- **Instructions to follow**:
Print the whole listing below exactly, skipping every picture.

- **Input data**:
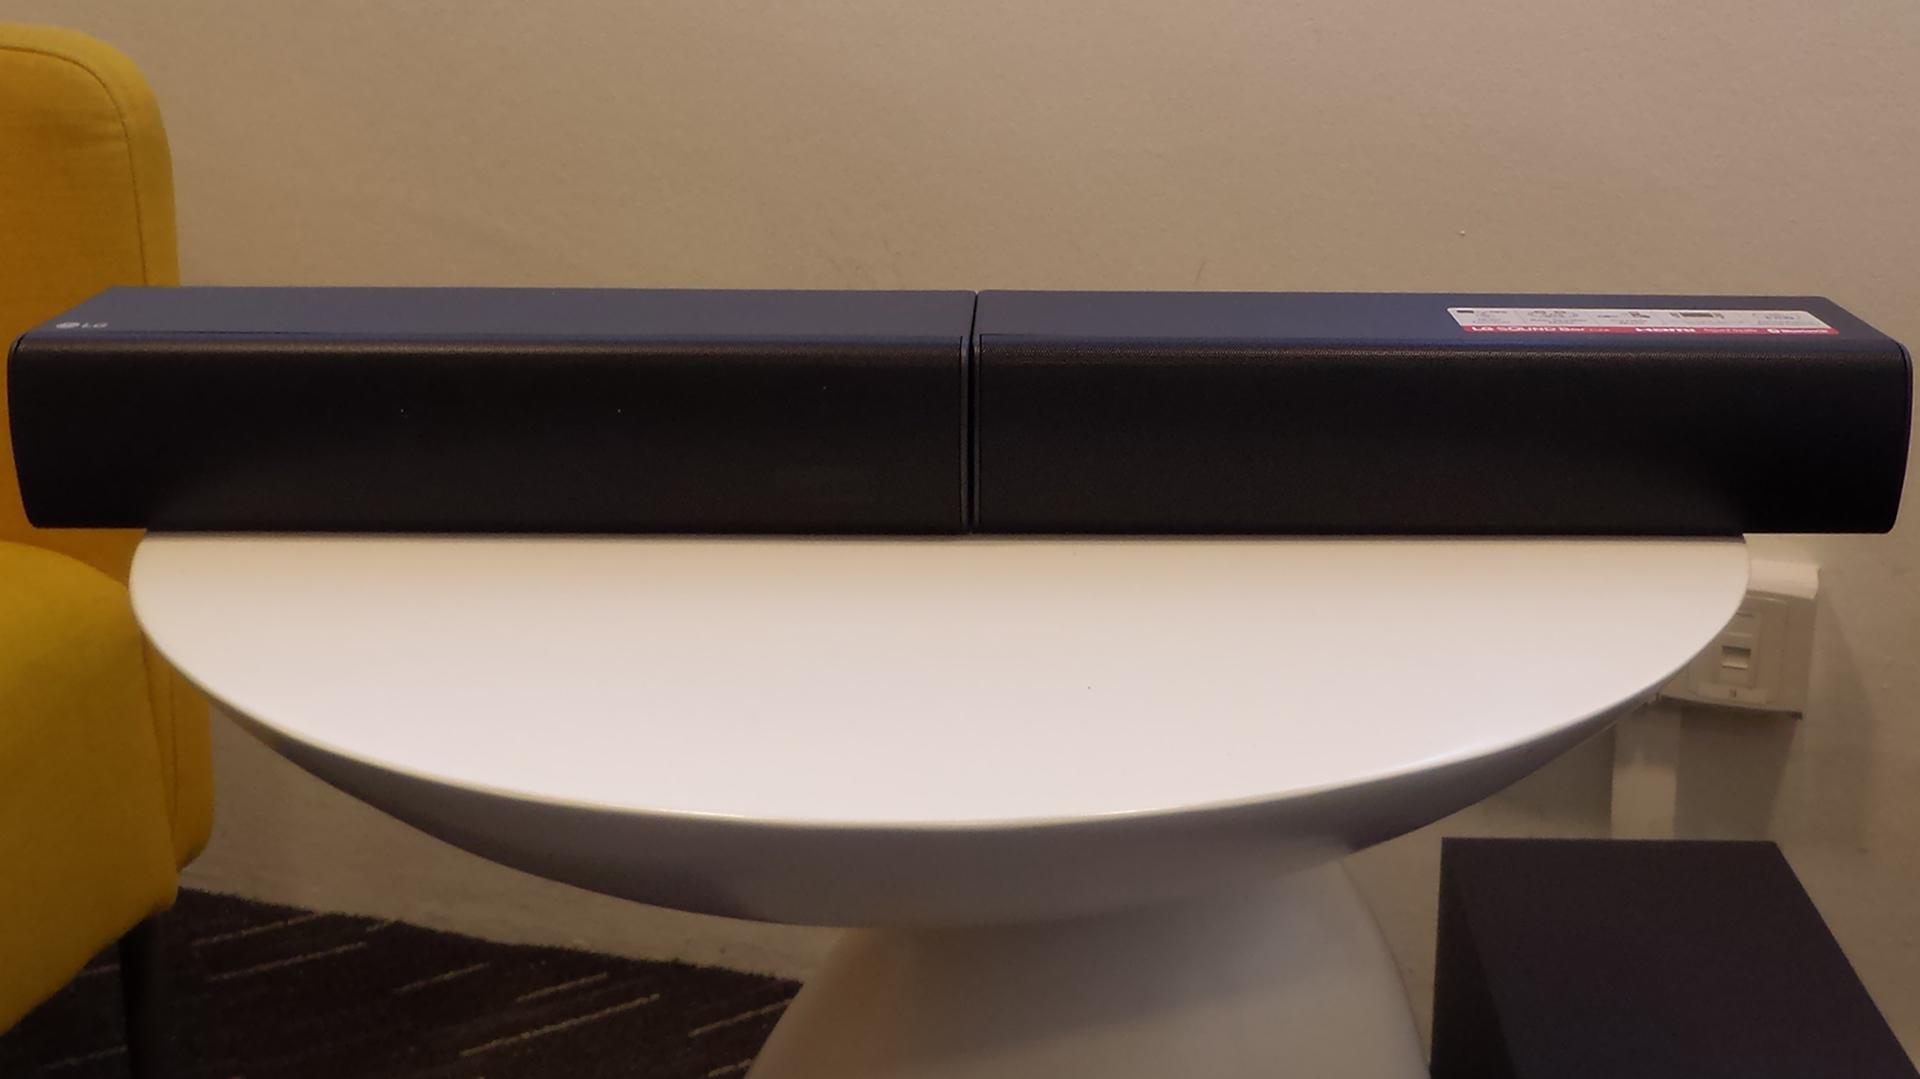 LG SJ7 Sound Bar Flex - sound bar configuration
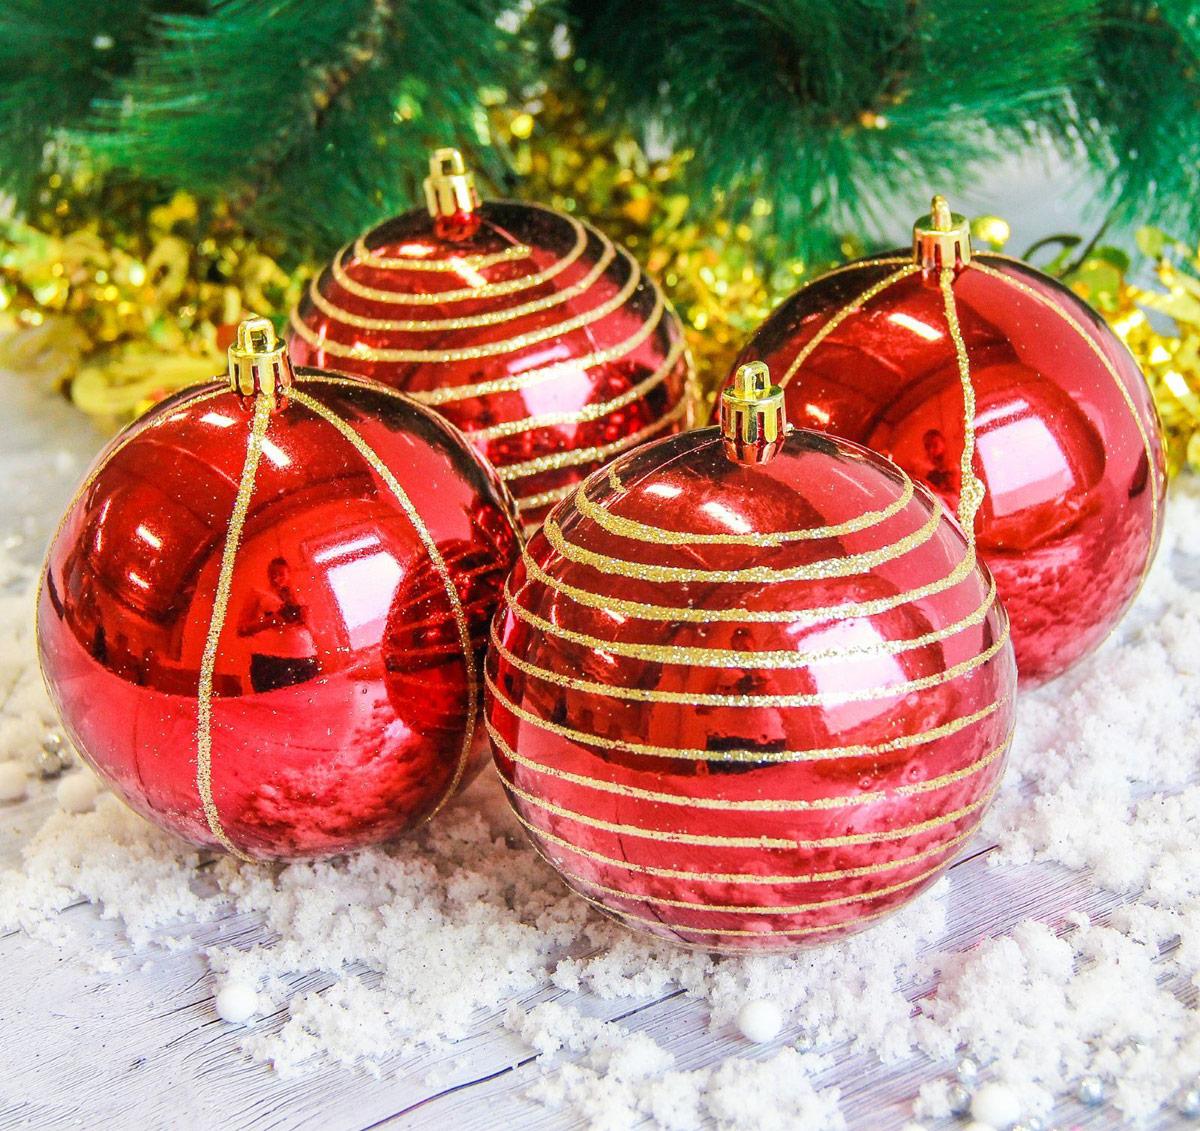 Набор новогодних подвесных украшений Sima-land Полосы, диаметр 10 см, 4 шт свеча ароматизированная sima land лимон на подставке высота 6 см
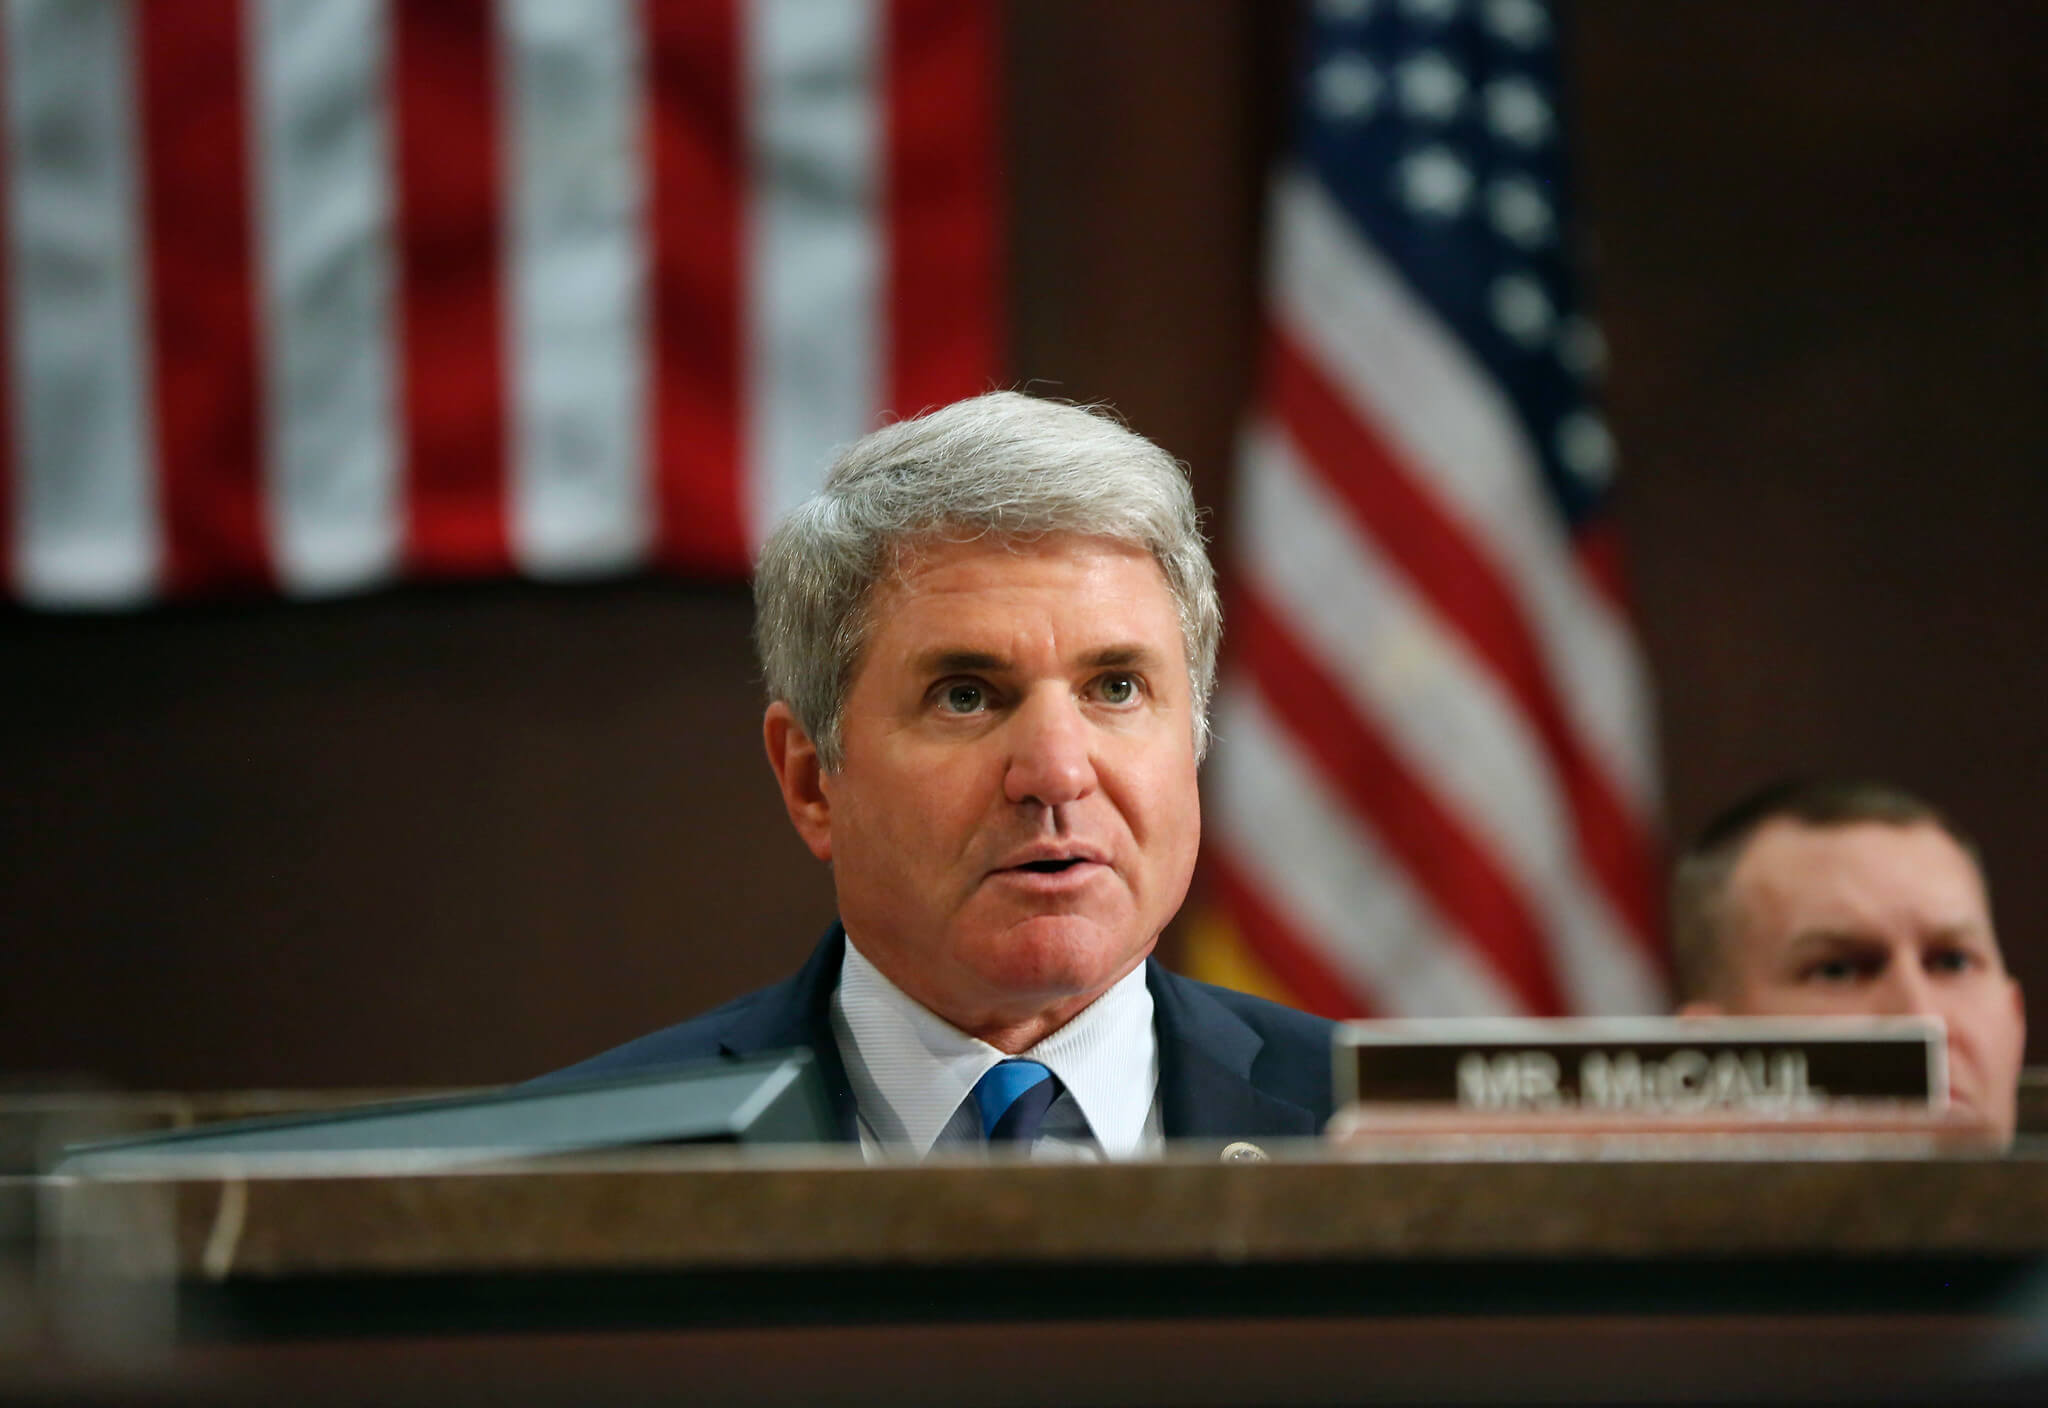 Rep. Michael McCaul

- **Written reply**:
 LG SJ7 Sound Bar Flex - sound bar configuration
 Набор новогодних подвесных украшений Sima-land Полосы, диаметр 10 см, 4 шт свеча ароматизированная sima land лимон на подставке высота 6 см
 Rep. Michael McCaul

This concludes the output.